How to complete this task: When you repeat the listing below, keep every word exactly and leave out each picture.

Supplied information:
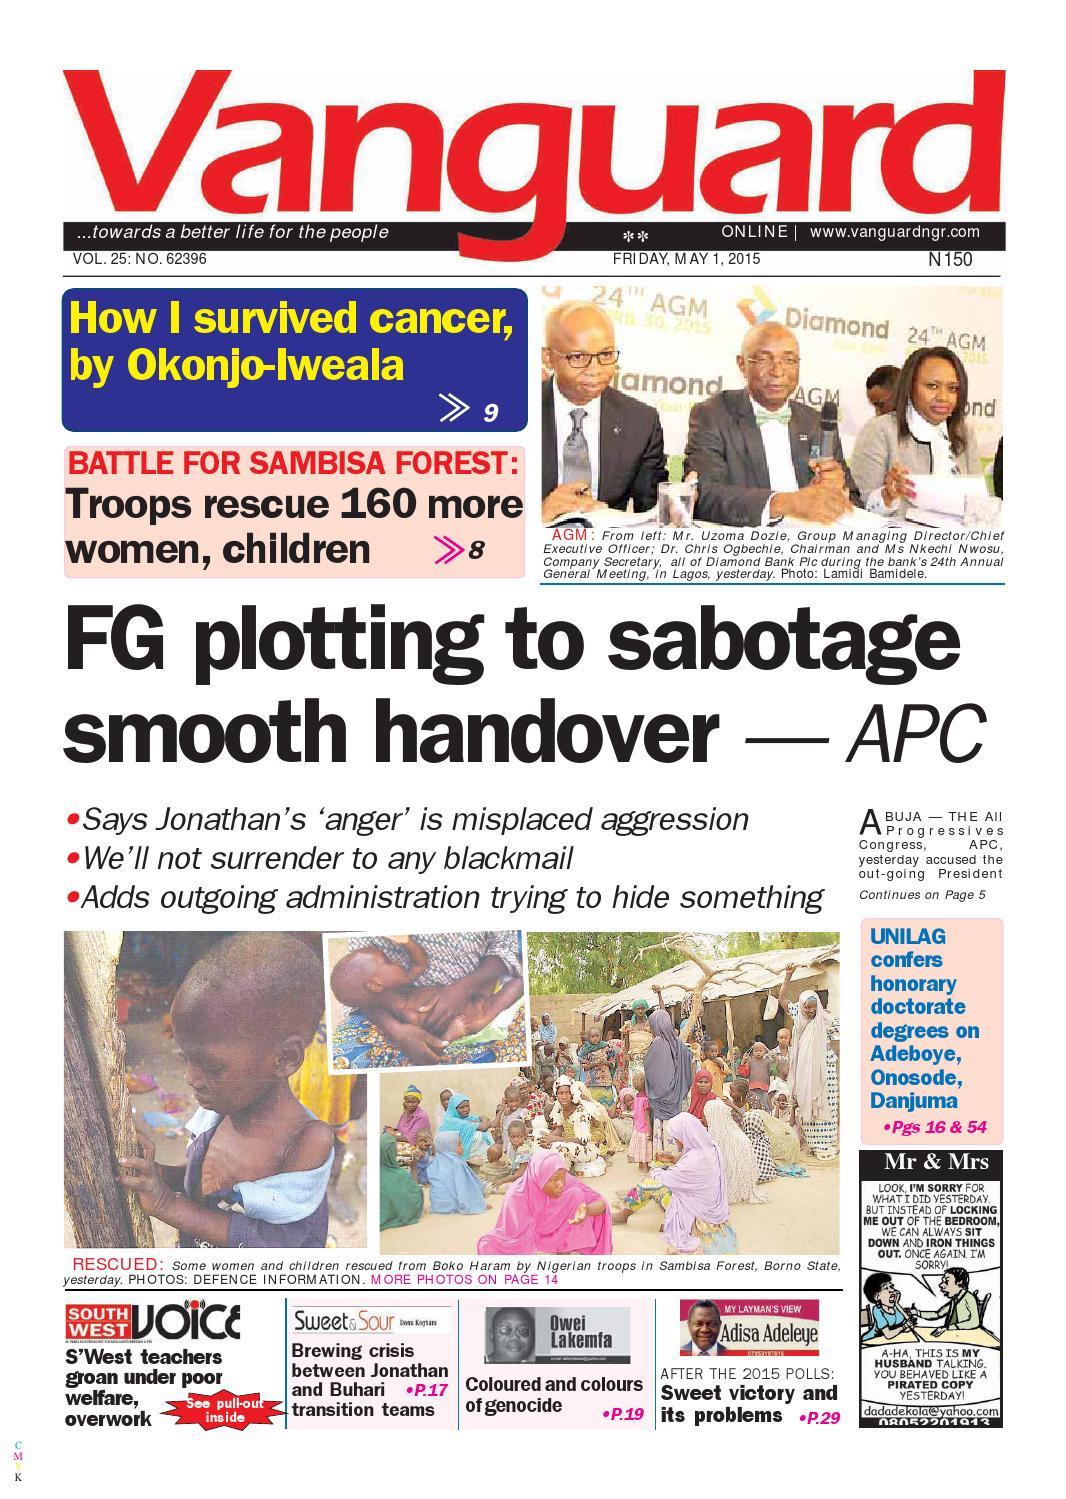 Fg Plotting To Sabotage Smooth Handover Apc By Vanguard Media Limited Issuu
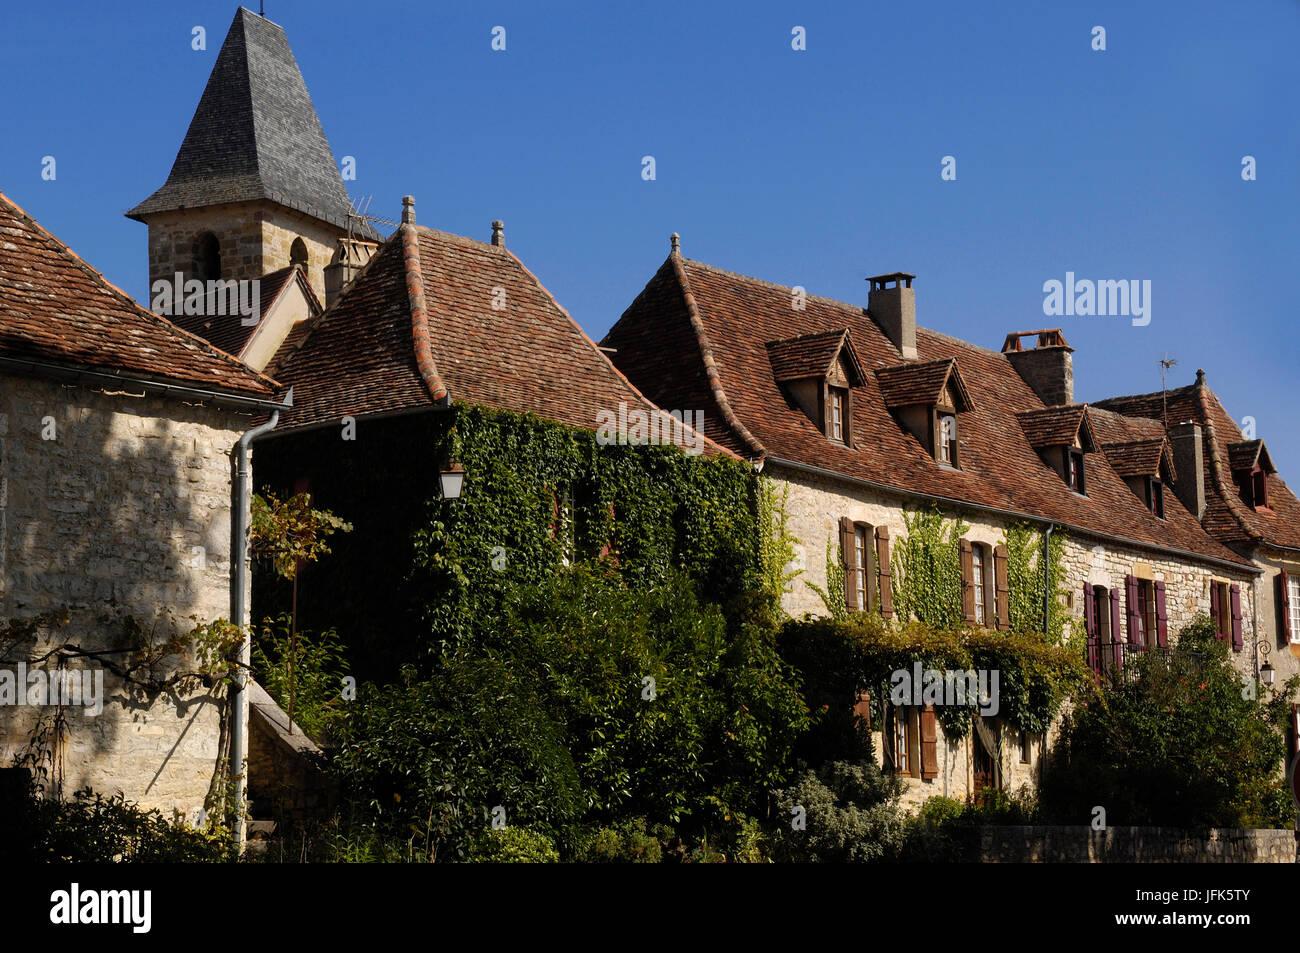 Medieval Village of Loubressac, Lot, France Stock Photo
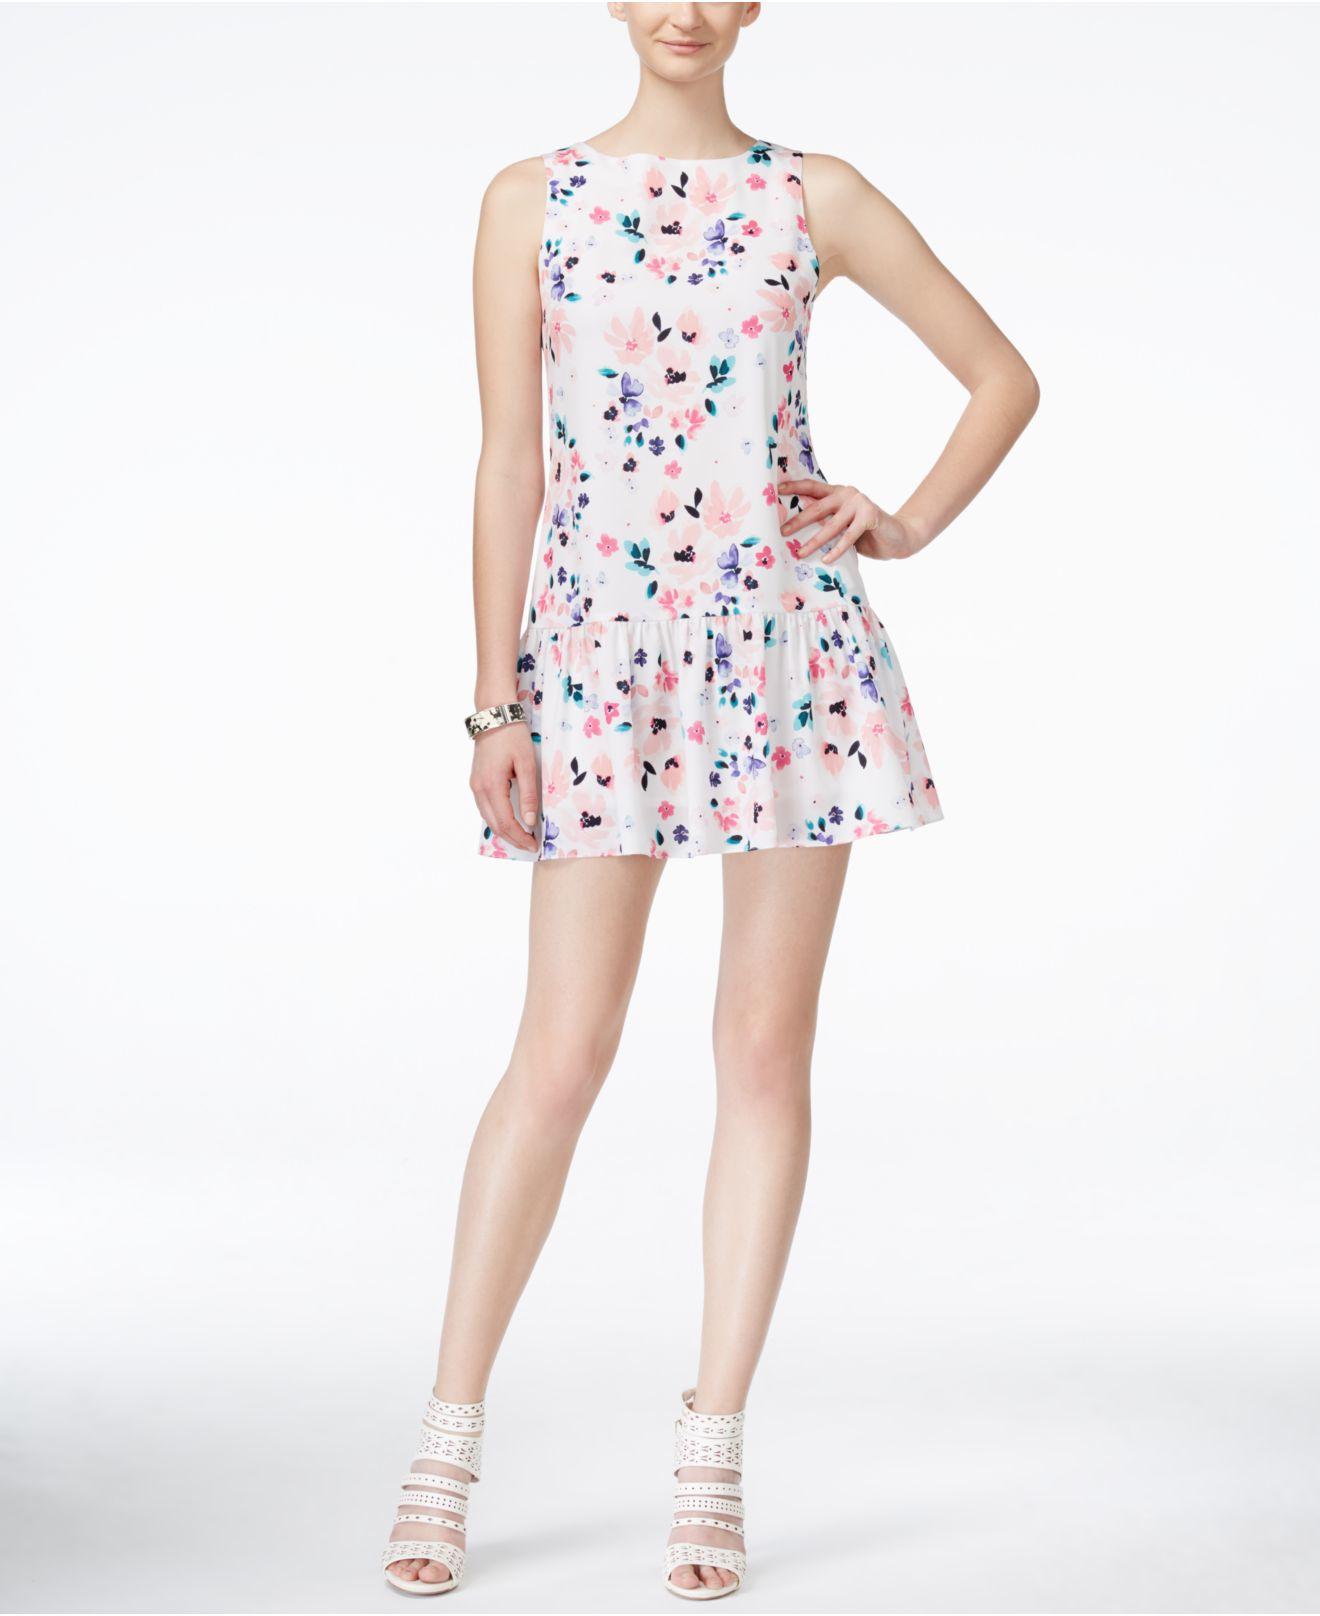 e779ce576a03 Cece by Cynthia Steffe Cece Floral-print Drop-waist Dress - Lyst

Written answer:
 Fg Plotting To Sabotage Smooth Handover Apc By Vanguard Media Limited Issuu
 Medieval Village of Loubressac, Lot, France Stock Photo
 e779ce576a03 Cece by Cynthia Steffe Cece Floral-print Drop-waist Dress - Lyst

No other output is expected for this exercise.